Expanded newborn metabolic screening techniques involving tandem mass spectrometry include propionic acidemia among the several organic acidemias that pose an immediate threat to the survival of the neonate.

A basic metabolic panel is indicated in propionyl coenzyme A (CoA) carboxylase deficiency (ie, propionic acidemia). Serum electrolyte measurement is important. A child who is feeding poorly and vomits may have significant electrolyte abnormalities. Accumulation of free organic acids (anions) significantly increases the anion gap (see the Anion Gap calculator). Therefore, an anion gap larger than 16 mEq/L may indicate propionic acidemia. On rare occasions, affected babies do not present with an increased anion gap.

Because free propionic acid is known to suppress bone marrow, assessing the status of circulating elements, including platelets, is important.
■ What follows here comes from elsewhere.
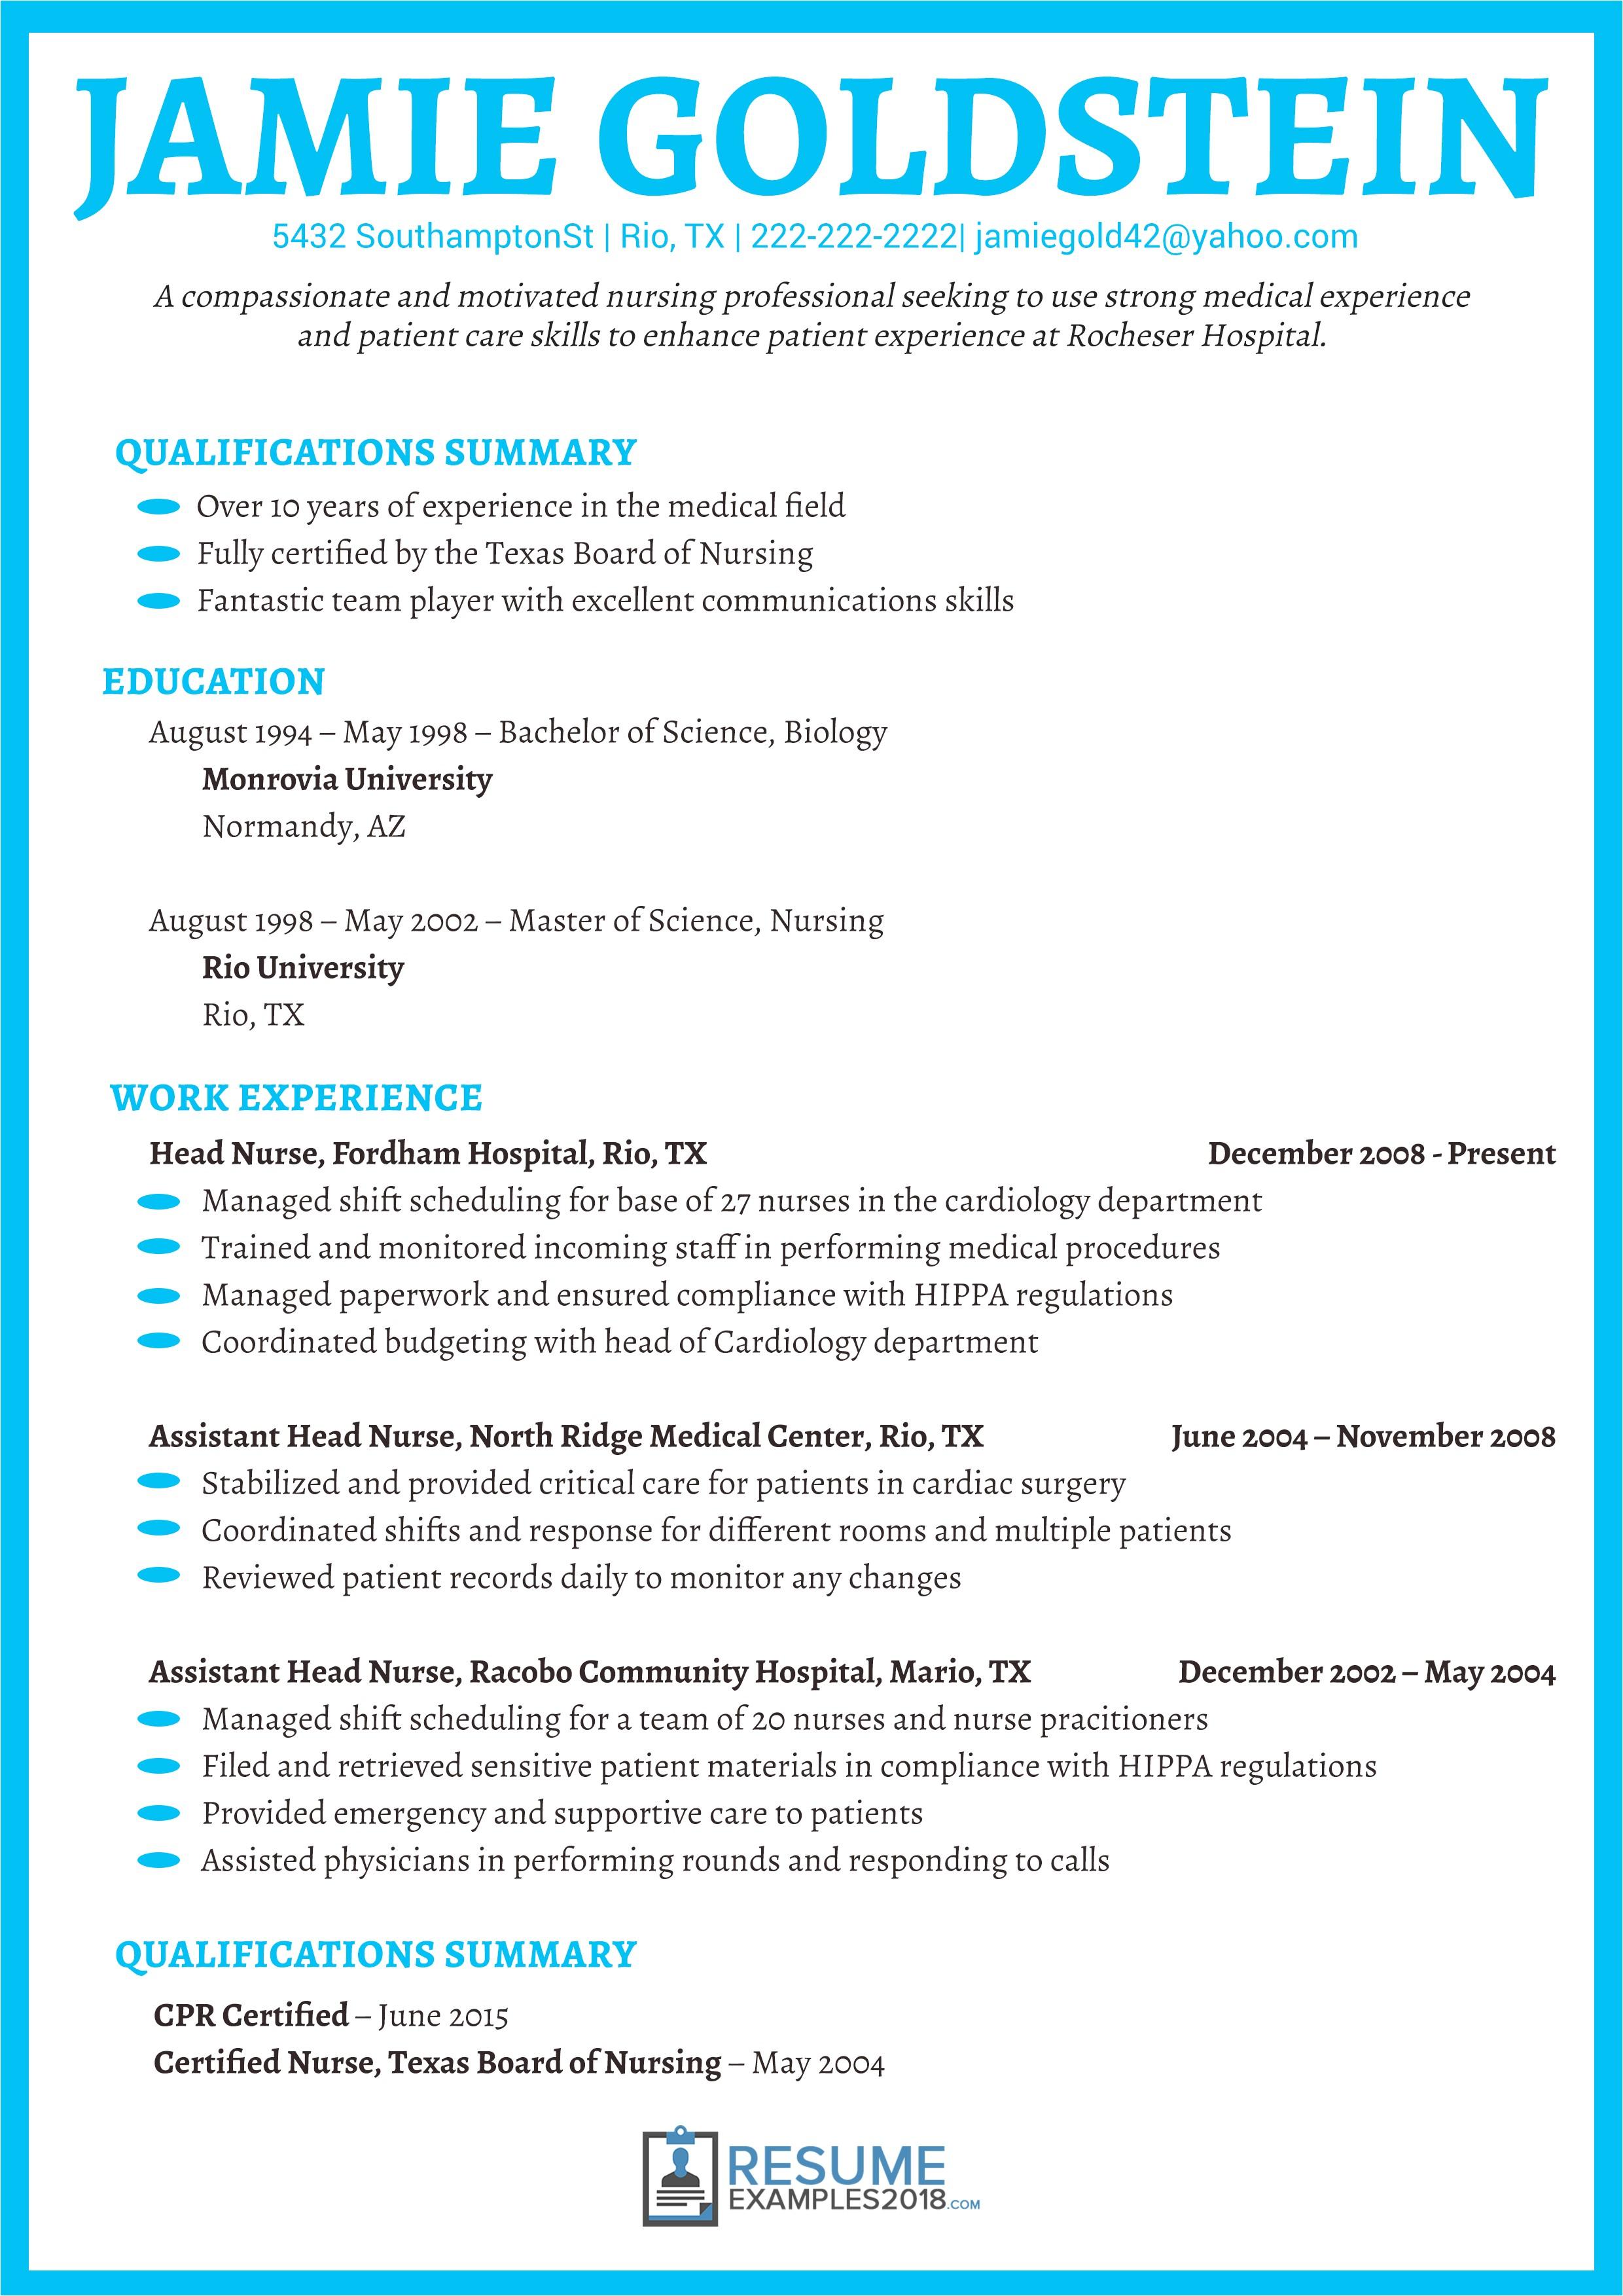 job resume template 2018

Specific gravity, obtained through a routine urinalysis, is important in assessing the degree of dehydration. The presence of ketones in association with an anion gap (as mentioned above) is strongly suggestive of ketoacidosis. A low urine pH lends additional weight to this suspicion.

Obtaining blood ammonia levels is important in the assessment of the overall metabolic status of the patient, as well as to help in determination of causes for mental status changes. Blood ammonia levels are often secondarily elevated.

Obtaining plasma lactate levels is helpful in the determination of the causes for an observed anion gap. Lactate levels are often elevated but are not sufficiently high enough to account for the increase in anion gap, which should then prompt further investigation.

Assessing the urinary organic acid levels is the definitive clinical diagnostic study. Most frequently, it demonstrates large increases in beta-hydroxy propionic acid, lactic acid, and methylcitrate excretion levels.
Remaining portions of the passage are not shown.